Introduction (page 820)

The urinary system consists of the kidneys, ureters, urinary bladder, and urethra.

Kidneys (page 820)

1. Location of the kidneys a. The kidneys are bean-shaped organs on either side of the vertebral column, high on the posterior wall of the abdominal cavity.

b. They are positioned posterior to the parietal peritoneum and held in place by adipose and connective tissue.

2. Kidney structure a. A kidney contains a hollow renal sinus.

b. The ureter expands into the renal pelvis, which, in turn, is divided into major and minor calyces.

c. Renal papillae project into the renal sinus.

d. Kidney tissue is divided into a medulla and a cortex.

3. Functions of the kidneys a. The kidneys remove metabolic wastes from the blood and excrete them to the outside.

b.
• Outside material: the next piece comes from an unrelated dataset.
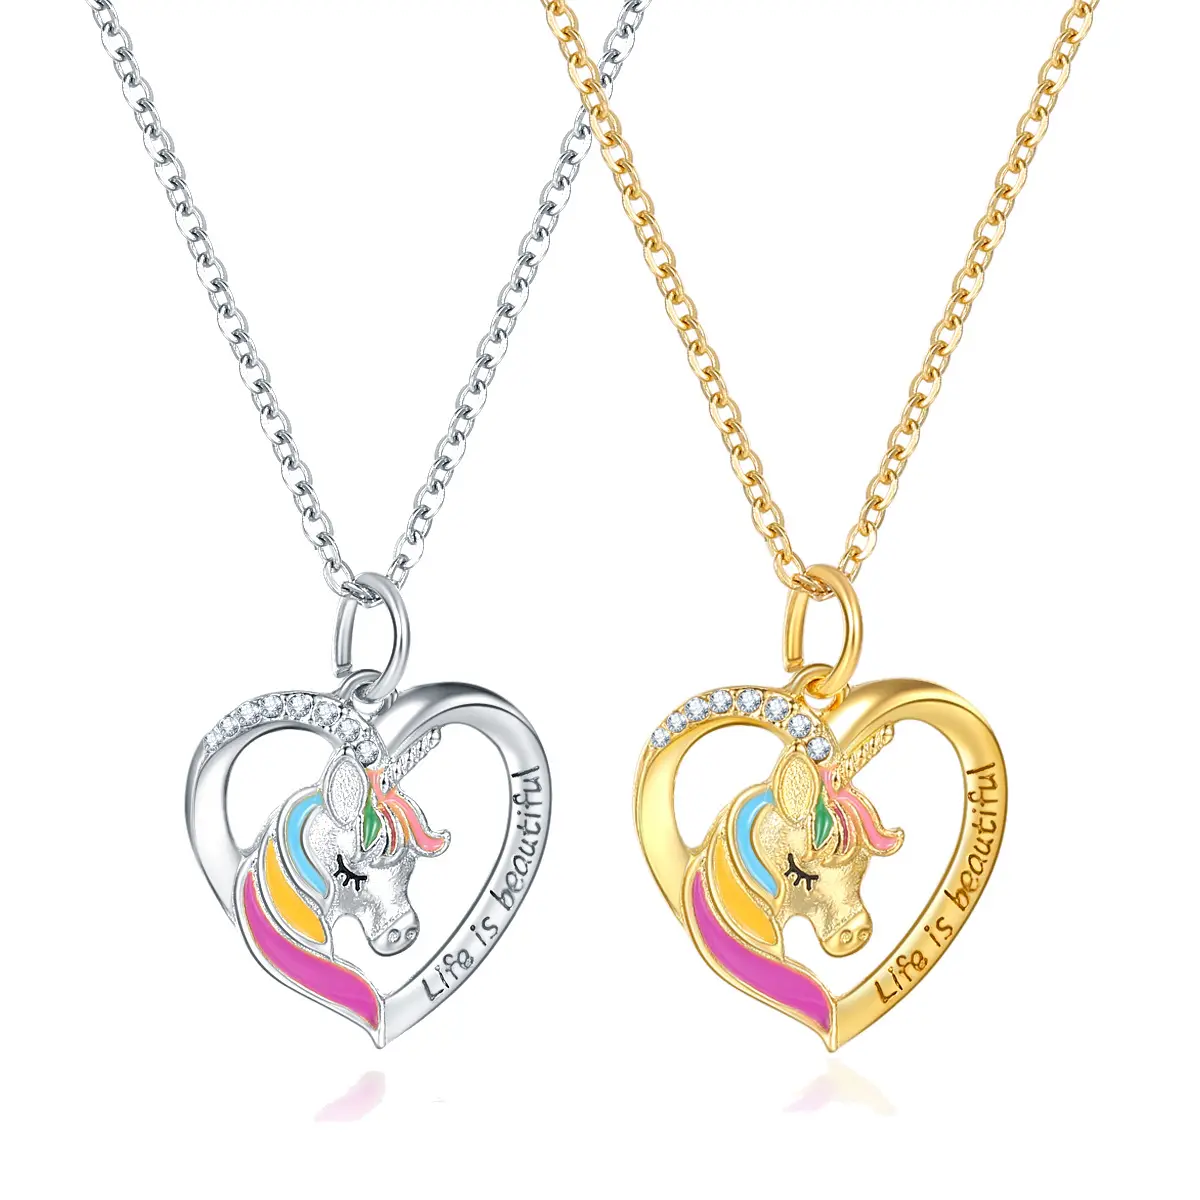 Enamel Rainbow Unicorn Necklace Alloy Stainless Steel Unicorn Clavicle Pendant Necklace For Girls Kids Cute Horse Jewelry

They also help regulate red blood cell production, blood pressure, calcium ion absorption, and the volume, composition, and pH of the blood.

4. Renal blood vessels a. Arterial blood flows through the renal artery, interlobar arteries, arcuate arteries, interlobular arteries, afferent arterioles, glomerular capillaries, efferent arterioles, and peritubular capillaries.

b. Venous blood returns through a series of vessels that correspond to those of the arterial pathways.

5. Nephrons a. Structure of a nephron

(1) A nephron is the functional unit of the kidney.

(2) It consists of a renal corpuscle and a renal tubule.

(a) The corpuscle consists of a glomerulus and a glomerular capsule.

(b) Portions of the renal tubule include the proximal convoluted tubule, the nephron loop (ascending and descending limbs), and the distal convoluted tubule.

(3) The nephron joins a collecting duct, which empties into the minor calyx of the renal pelvis.

b. Juxtaglomerular apparatus

(1) The juxtaglomerular apparatus is located at the point of contact between the distal convoluted tubule and the afferent and efferent arterioles.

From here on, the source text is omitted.